This half year result also evidences the embedded inflationary protection in each of the three divisions. The business is therefore very well placed to navigate the future economic environment and will not be forced to ease up on acting on growth opportunities that present. The recent contract awards also demonstrate the quality and reputation of the group and continues over two decades of history delivering the same. We have bolstered our corporate resources and appointed a dedicated CEO for Transit Systems to support our growth ambitions. We are at the start of some new contracts in high growth corridors with opportunities to drive efficiency and synergies between contract regions and deliver on our margin expansion objectives. The strength of the balance sheet and predictable operating cash flows, combined with our considerable management experience, enables Kelsian to continue to be a leader in decarbonization.

We will deploy our disciplined growth approach to acquisitive growth in new markets that unlock further organic growth opportunities. Thank you for listening, and I'll now hand over to Chris to take some questions.

Operator

Thank you. As a reminder, if you would like to ask a question, please press star then one on your telephone keypad. Our first question is from Marni Lysaght with Macquarie. Your line is open.

Marni Lysaght
Equity Research Analyst of Emerging Leaders, Macquarie

Good morning, team. Just a few from me. I'd like to understand, is anything else just following what happened last week with the accounting standard change, has anything else been accounted for on a grossed up basis? Are we to expect potentially review the treatment of that in the future?

Clint Feuerherdt
Managing Director and Group CEO, Kelsian Group

Yeah, Marni. It was an accounting treatment change, not accounting standard change.

Marni Lysaght
Equity Research Analyst of Emerging Leaders, Macquarie

Sorry, treatment change. Yeah.

Clint Feuerherdt
Managing Director and Group CEO, Kelsian Group

Yeah. Yeah, there's no impact on any part of the business, so it only relates to the Singapore operations. Where the Singapore operations are now accounted for on a net basis rather than a gross basis.

Marni Lysaght
Equity Research Analyst of Emerging Leaders, Macquarie

Yes, that's clear. My question is more: Is anything else being treated on a grossed up basis? Would you be looking at treating this as-

Clint Feuerherdt
Managing Director and Group CEO, Kelsian Group

There's no change in the accounting treatment for any other aspect of the business. It was a Singapore specific matter.

Marni Lysaght
Equity Research Analyst of Emerging Leaders, Macquarie

Okay.

Clint Feuerherdt
Managing Director and Group CEO, Kelsian Group

I think one of the key differences, Marni, is we actually pay a large lease fee for the buses in Singapore, which is ultimately refunded by the government. In Australia, where we use government assets, the government assets are provided on a peppercorn lease, you know, a $1 a year type arrangement.

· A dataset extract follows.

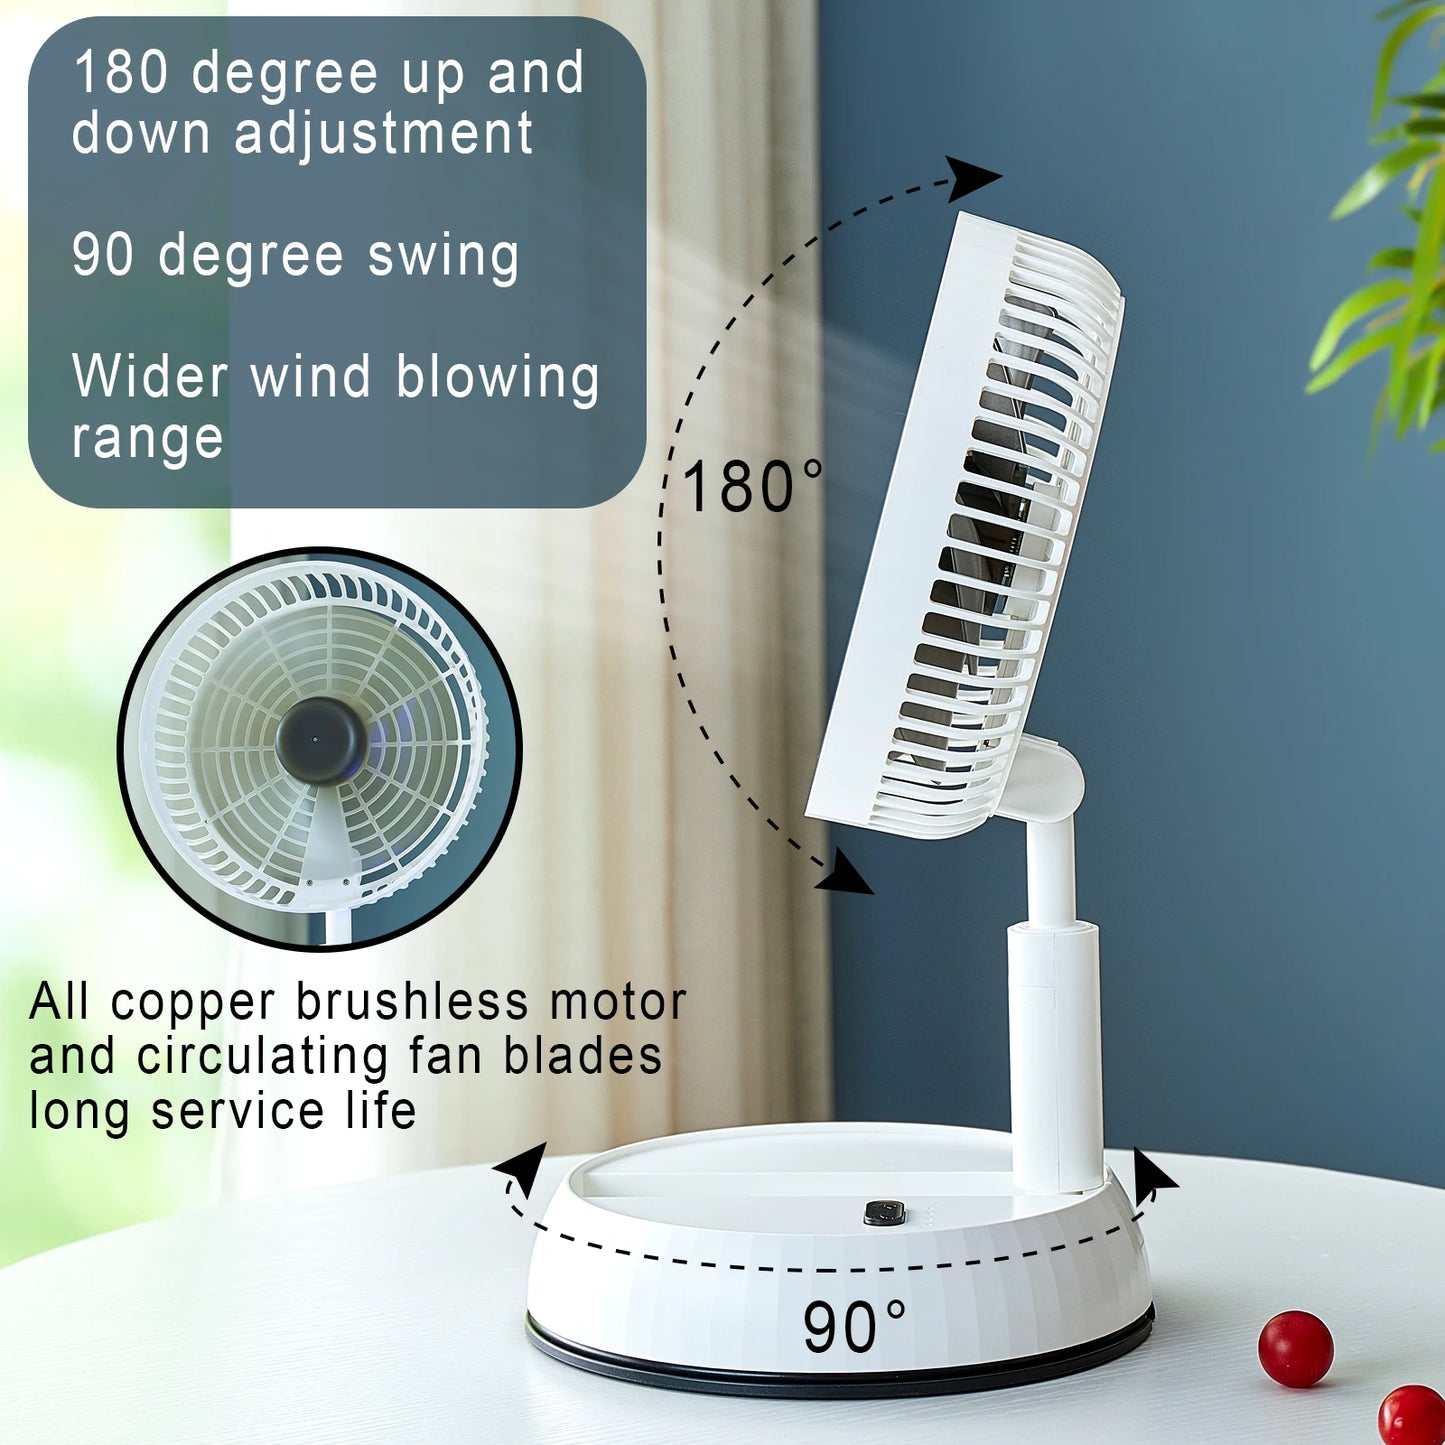 New Gale Telescopic Folding Fan – Rechargeable USB Fan with Remote Control for Outdoor and Home Use

You know, it's not the same situation as a kind of a more like market-based lease that's refunded in Singapore.

Marni Lysaght
Equity Research Analyst of Emerging Leaders, Macquarie

Okay. just to Singapore, the nuances of Singapore is the, yeah, is the reason why it's probably different and therefore.

Clint Feuerherdt
Managing Director and Group CEO, Kelsian Group

Yeah.

Marni Lysaght
Equity Research Analyst of Emerging Leaders, Macquarie

There's a rationale to change the accounting treatment. Just on buses, I know it's been a fairly resilient operation. Has there been any, like, adverse impacts of timing with indexation across both Singapore and Australia?

Clint Feuerherdt
Managing Director and Group CEO, Kelsian Group

There's no mismatch between fuel indexation that's delivered monthly in arrears, so certainly not in fuel. I think, yeah, the mismatch that probably doesn't affect our PNL but probably affects the people on the receiving end is the wage indexation, which is done on a six-monthly or yearly basis. As we've explained before, the wage increases embedded within our enterprise agreements perfectly match the indexation in our revenue. Of course, as inflation increases and wage increases take place across the country. That indexation figure is a little bit lagging, but it doesn't affect our, the company PNL, it just affects when those pay rises are passed on to the workforce.

Marni Lysaght
Equity Research Analyst of Emerging Leaders, Macquarie

Okay, I see. Just a final one from me. The value of the government receivable on the contracted, sorry, the, contracted assets are about $70 million. I know previously they were more $90 million, $100 million. What is, first of all, what does that reflect? Can you give us some color, kind of the journey you've been on with your, with financiers about this, you know, almost like a government receivable and, you know, the way they're looking at your capital structure and leverage?

Clint Feuerherdt
Managing Director and Group CEO, Kelsian Group

Yeah. The amount's decreased over time, Marni. A couple of reasons. One is because the assets depreciate and there's, that depreciation is then reflected in the book value and the vehicle termination payments that we don't recognize that asset, but that's how it's calculated. Also the change in the Darwin contract, where we were paid AUD 12 million for those assets that we held on our balance sheet, which really just demonstrates how that mechanism works and works effectively. Yeah, look, we're still exploring, some financing options to try and ring-fence and quarantine that, so it's easier for you and others to understand, you know, what the true underlying leverage of the business is. We're hopeful to have something concluded on that in the next few months.

Marni Lysaght
Equity Research Analyst of Emerging Leaders, Macquarie

Excellent. I'll drop back in the queue.

Clint Feuerherdt
Managing Director and Group CEO, Kelsian Group

Thanks, Marnie.

Operator

The next question is from John O'Shea, Minett with Ord Minnett. Your line is open.

John O'Shea
Senior Research Analyst of Industrial and Specialist Services, Ord Minnett

Good morning, gents. Can you hear me okay?

Clint Feuerherdt
Managing Director and Group CEO, Kelsian Group

Yep. Very well, John.

John O'Shea
Senior Research Analyst of Industrial and Specialist Services, Ord Minnett

Yeah, thanks very much for taking my questions. look, I just wondered if you can give some, you've given some general comments on the trading update. just in terms of the way we should think about the shape of the second half, I suppose, in terms of any sort of seasonality within the tourism marine business, first half, second half, and how you would expect, you know, the shape of the earnings for the bus businesses to together look in the second half. Obviously, you know, we've noted the driver impacts and all of those things that you've seen on the cost front and your expectation of a moderation. you know, based on what you've seen so far in the initial period of the second half, how should we be thinking about the shape of the second half?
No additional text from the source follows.